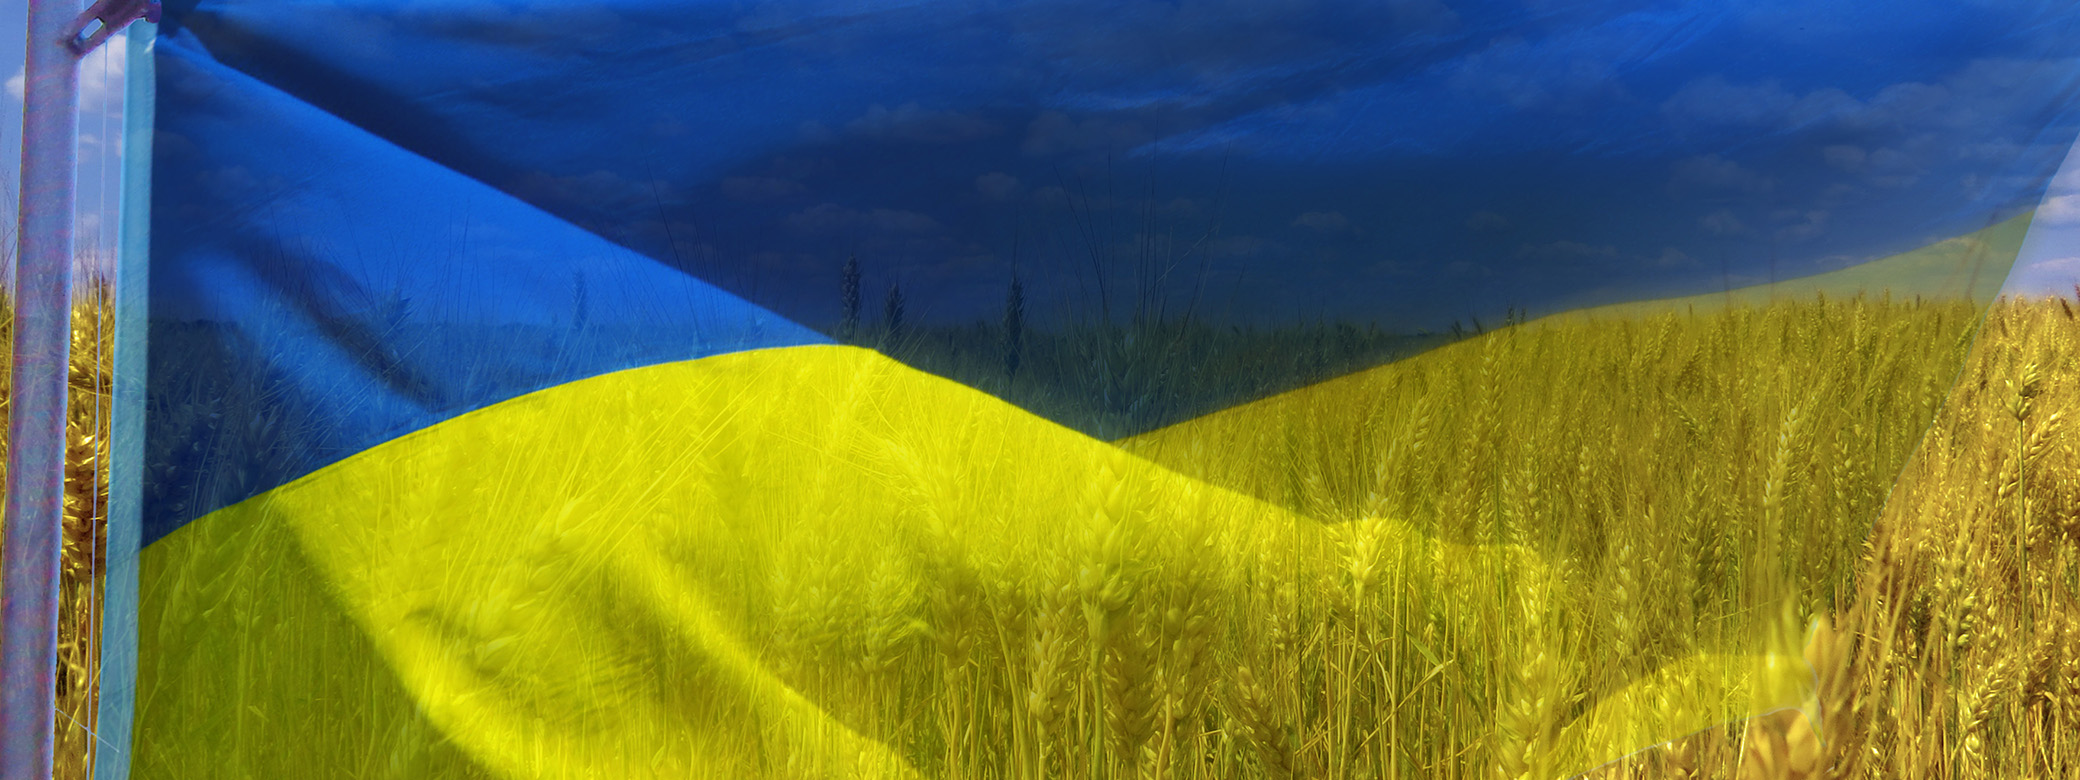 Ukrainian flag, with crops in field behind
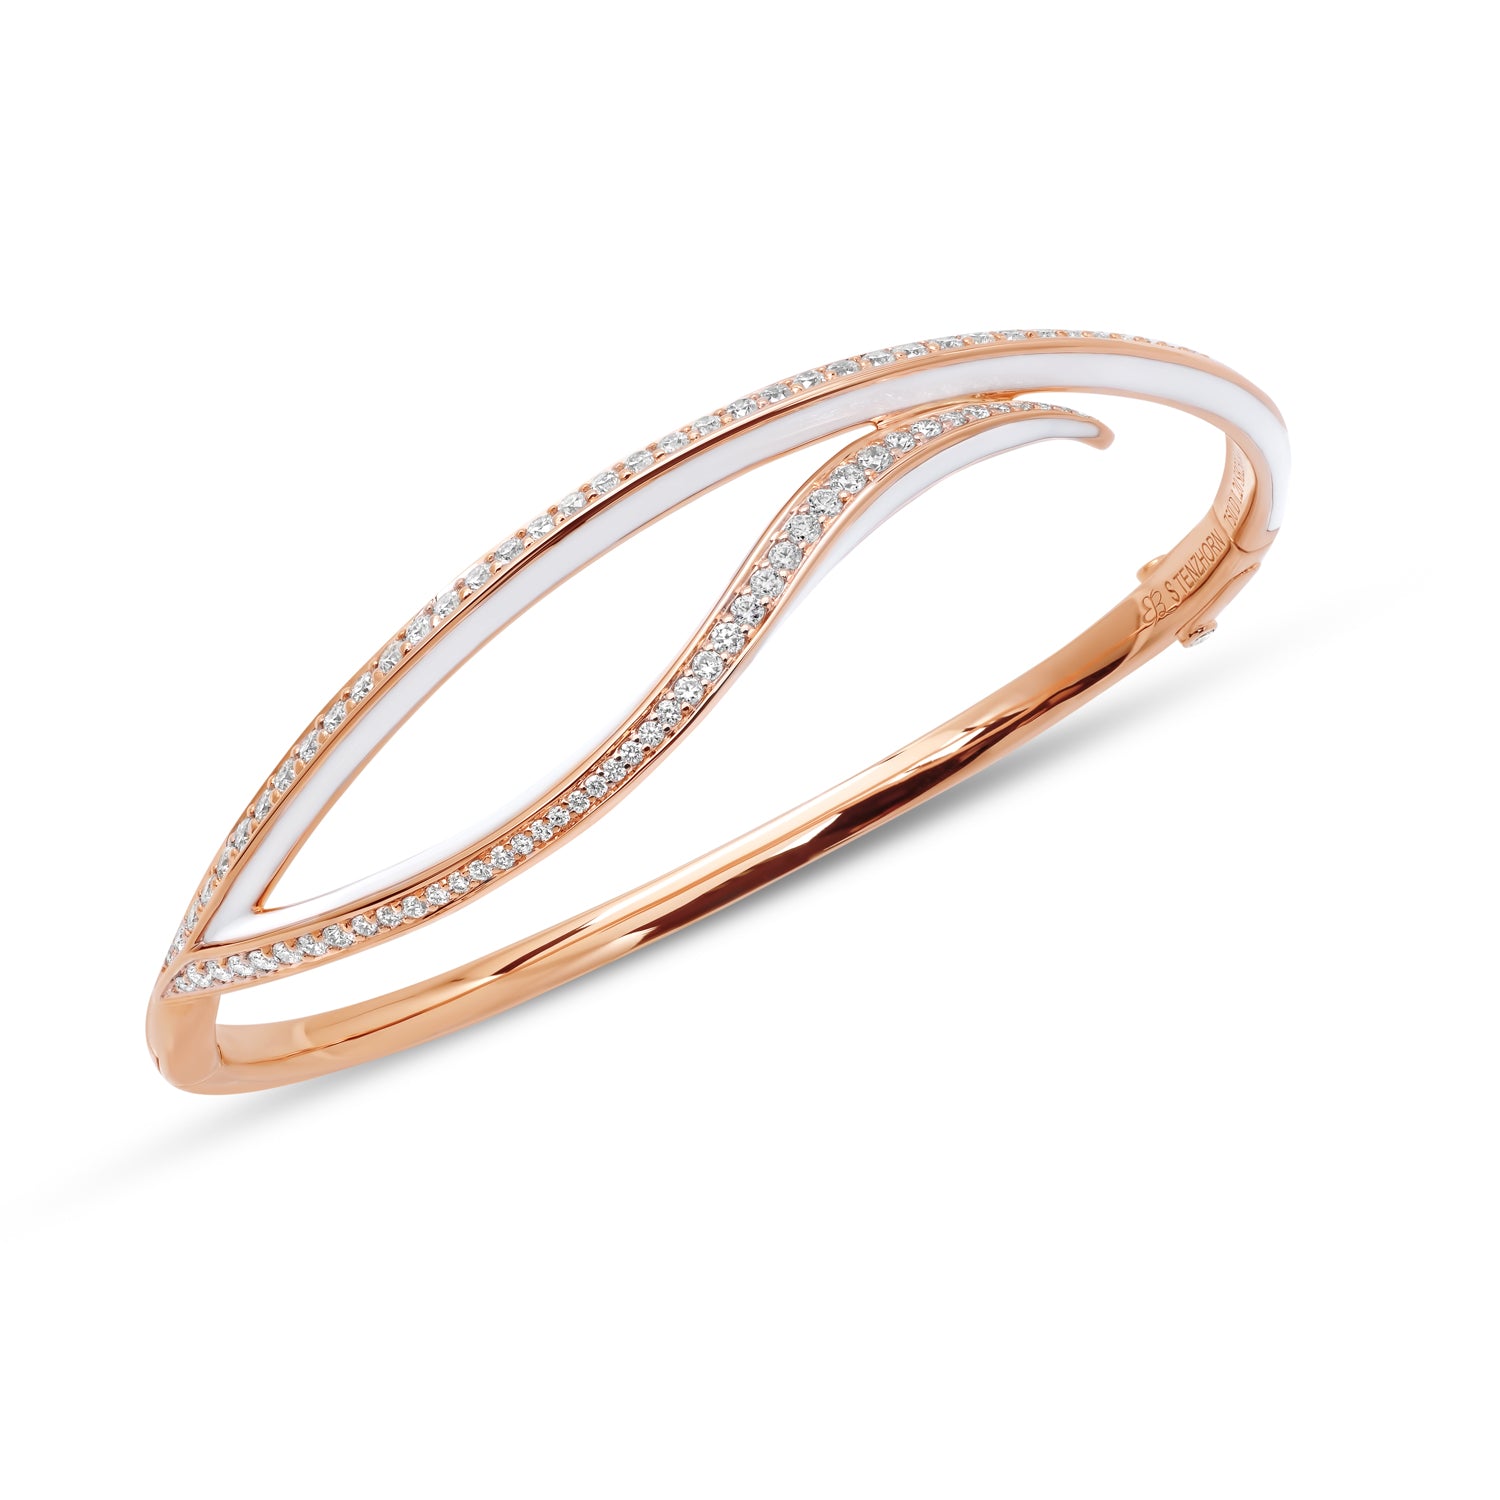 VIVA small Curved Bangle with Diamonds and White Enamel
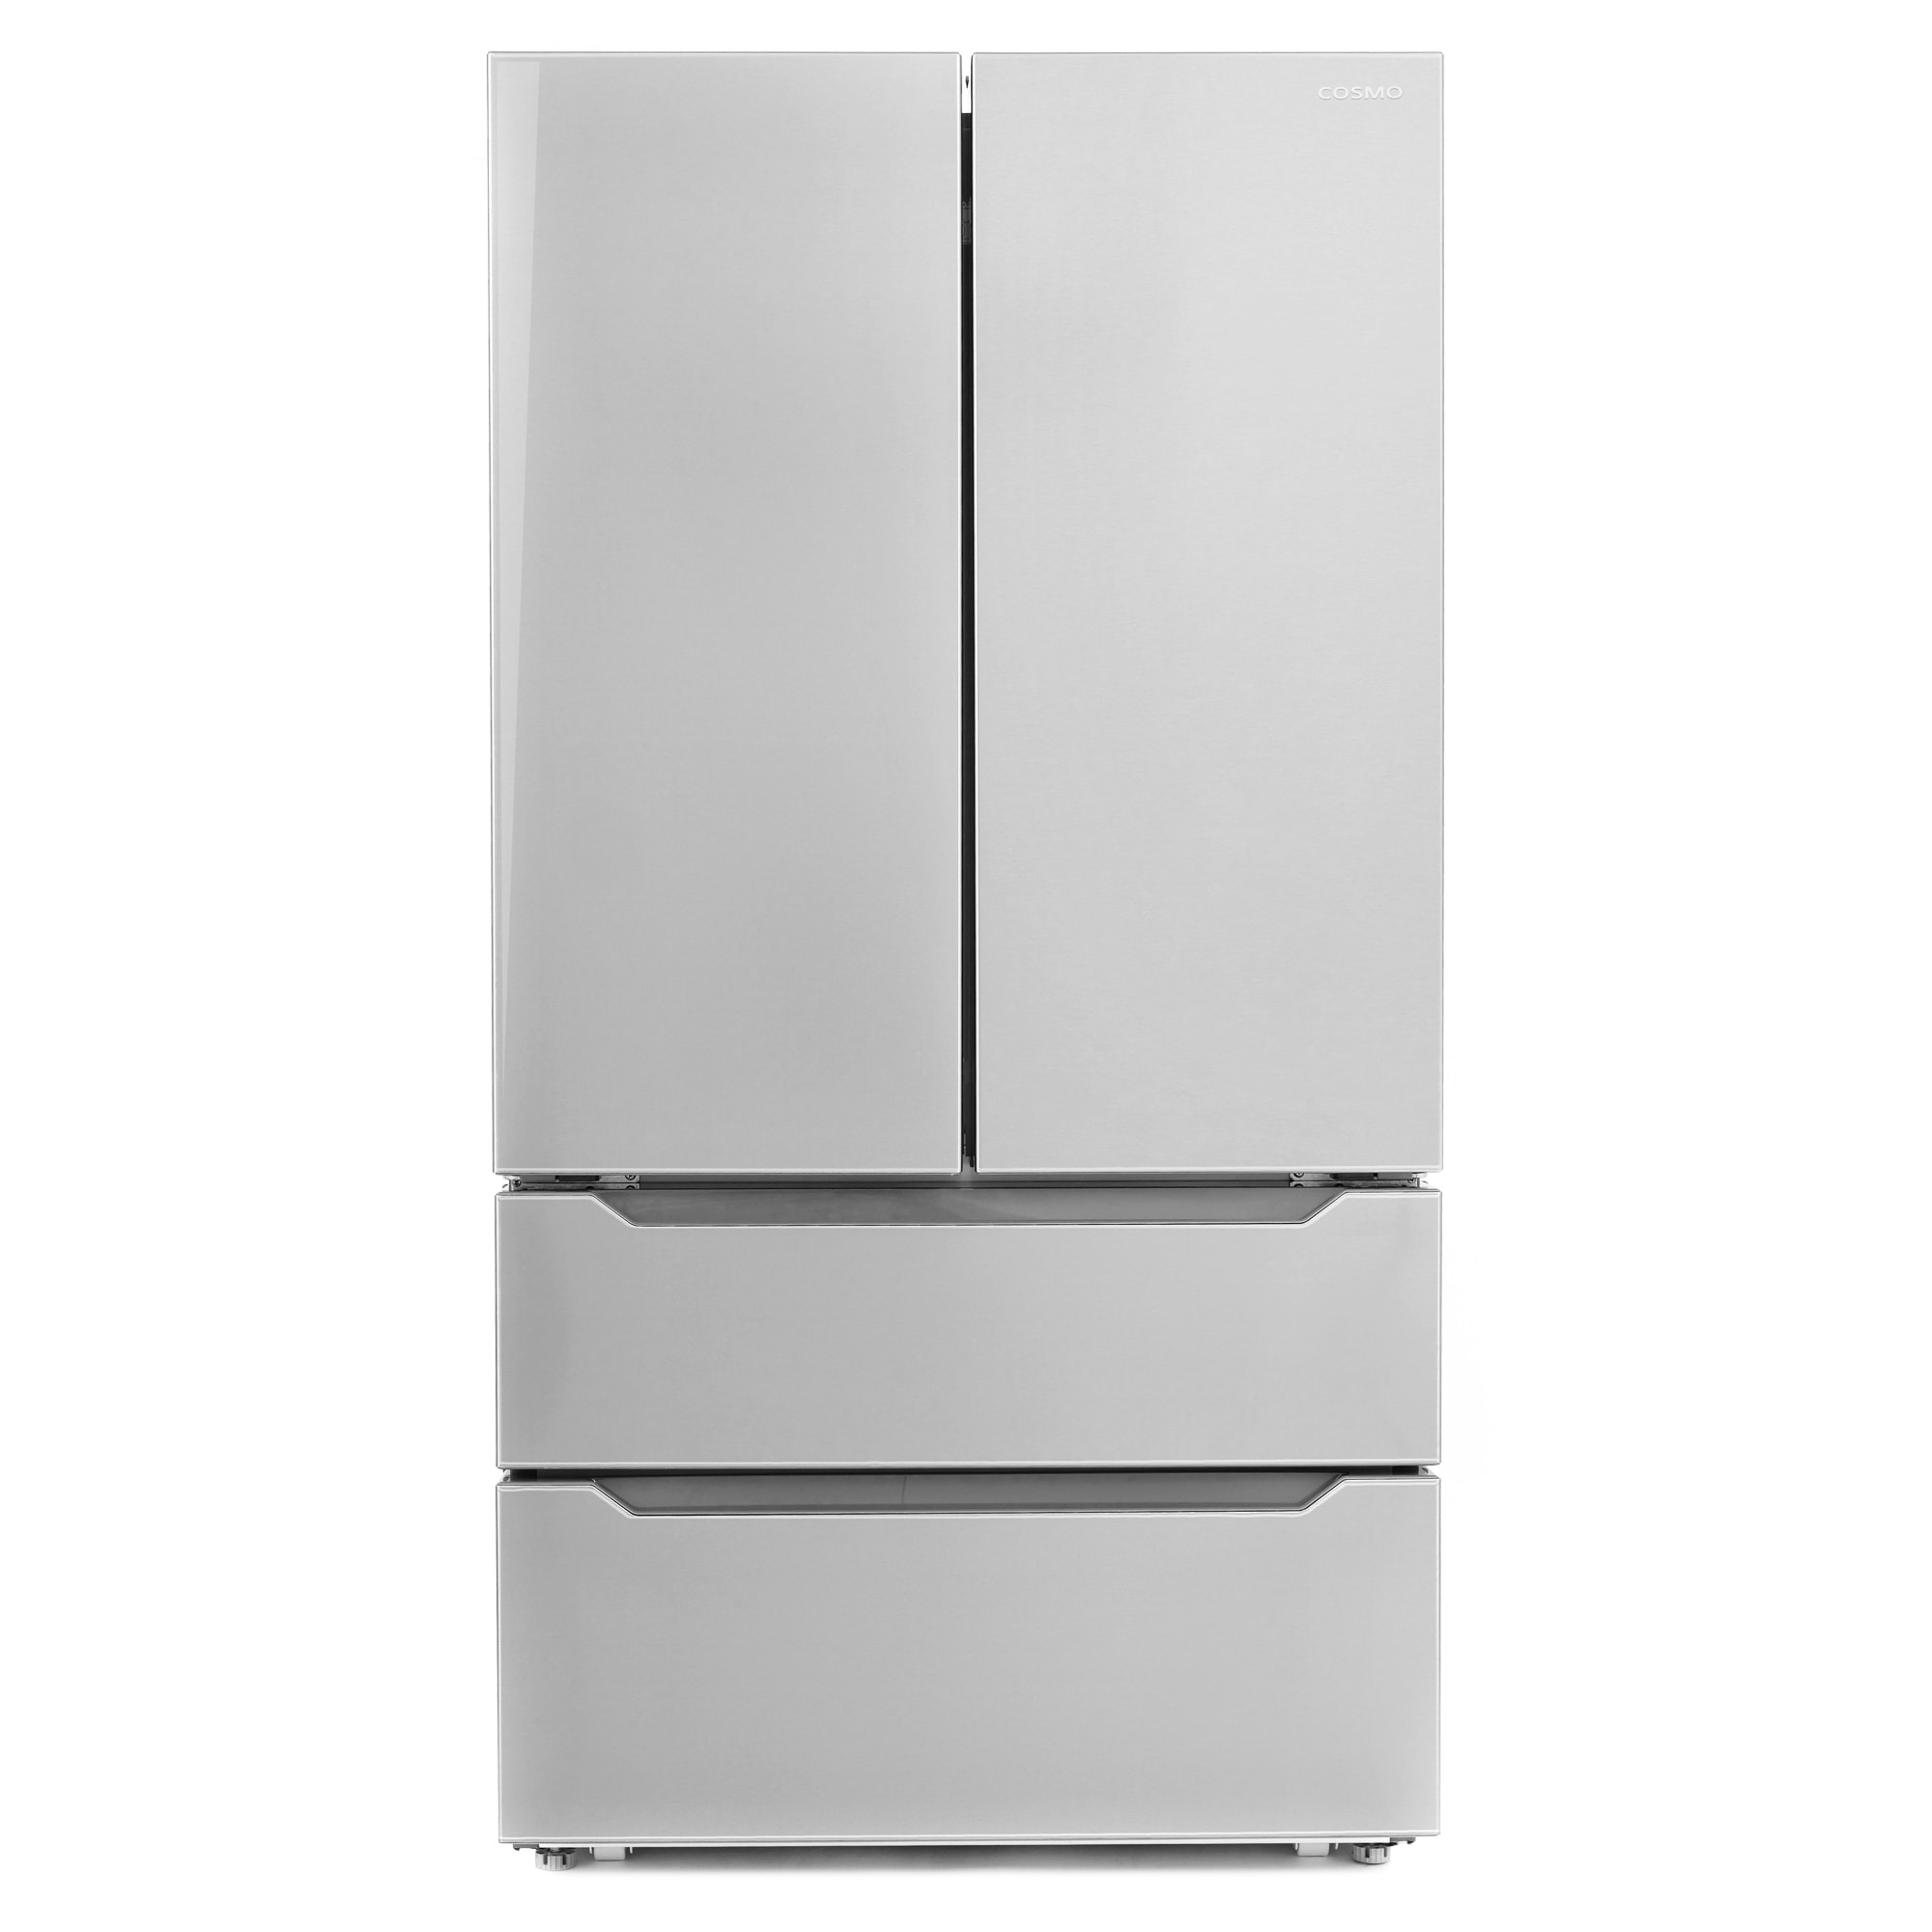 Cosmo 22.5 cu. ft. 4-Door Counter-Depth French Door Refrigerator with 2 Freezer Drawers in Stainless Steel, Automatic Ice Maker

TO DO: What you need to retype is every line from the one that has "VIVA small Curved" through the last line of the listing, both included, with the pictures left out.

EXERCISE RESPONSE:
 VIVA small Curved Bangle with Diamonds and White Enamel
 Cosmo 22.5 cu. ft. 4-Door Counter-Depth French Door Refrigerator with 2 Freezer Drawers in Stainless Steel, Automatic Ice Maker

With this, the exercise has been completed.